Facebook battles fake news with a contextual tool

Fake news is one major headline nowadays, and Facebook is at the heart of the happenings; even as its founder, Mark Zuckerberg has vowed to protect its integrity after finding 3,000 Russia-linked ads on the social network.

While Facebook had employed several filters and enhancements in the news feed to fact-check on articles and warn readers on fake news. Now, the company has gone a step further with a new tool to help readers spot to fake news in context.

The tool provides context to any article posted on the Newsfeed, through a pop-up window showing details about the article and its publisher; with descriptions of the source of the article, details of the publisher, as well as other links.

Albeit, the authorship is from crowd-sourced encyclopedia, mainly Wikipedia which can be edited by anyone, including those trying to spread hoaxes.

But, nonetheless providing context will be a helpful tool to make sure users consider the source of any article been shared on the network.

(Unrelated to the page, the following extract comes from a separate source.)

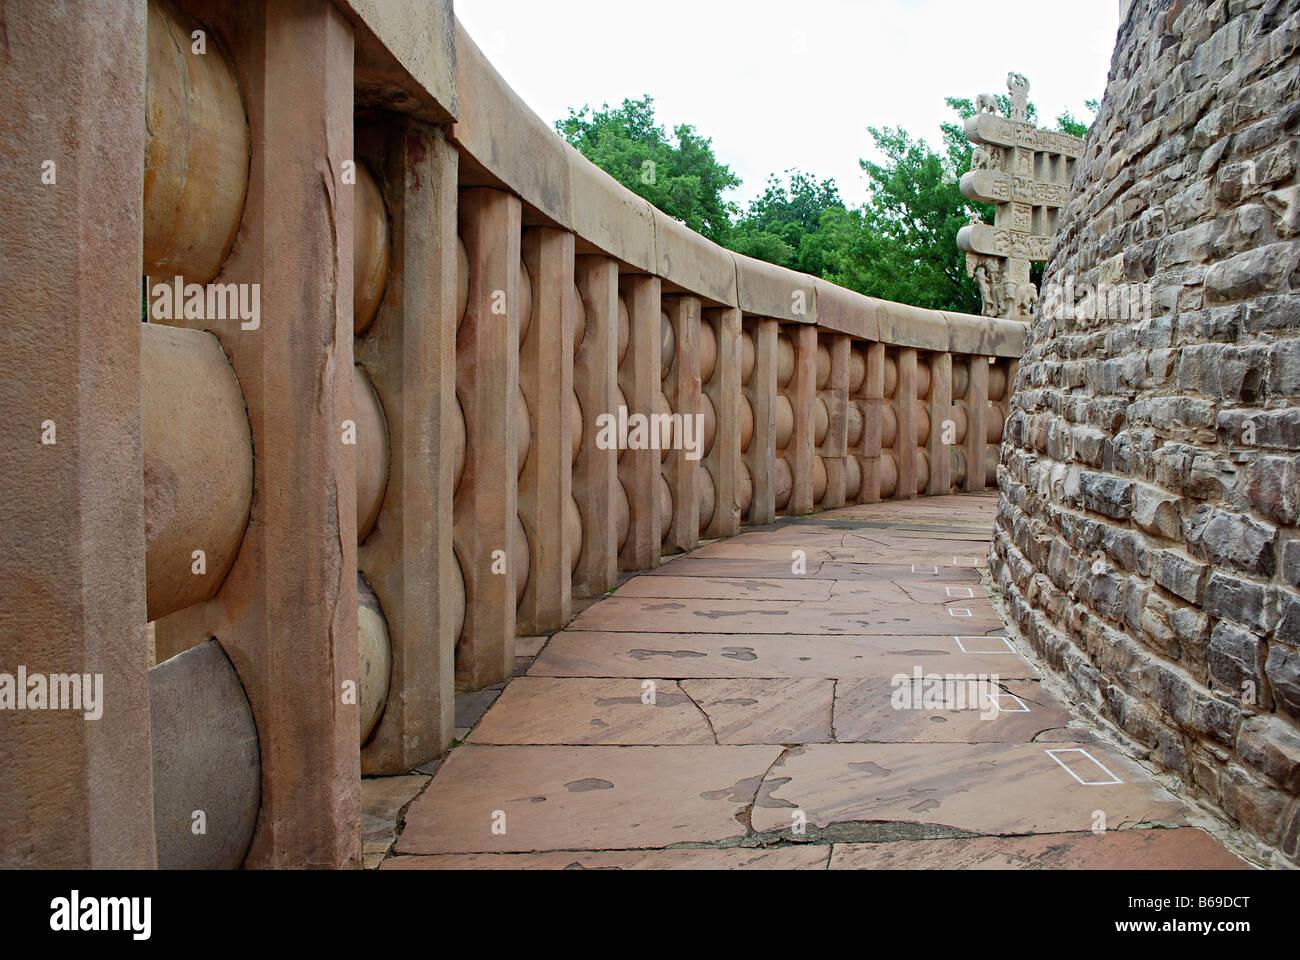 Stupa 1 or Great Stupa : Balustrade , Sanchi, Madhya Pradesh, India. - Stock Image

As the contextual information can help evaluate if articles are from a trustworthy publisher, and if the story is credible, which if no context is available, may suggest that it's fake-news site.

And its coming on the heels of the fake-news storm surrounding the Las Vegas mass shooting, which Facebook escalated with the top sources of the stories pointing to websites like "TheAntiMedia.org" and "MyTodayTV.com, which if the context has been available, could have afforded readers means to know that those were not trusted sources.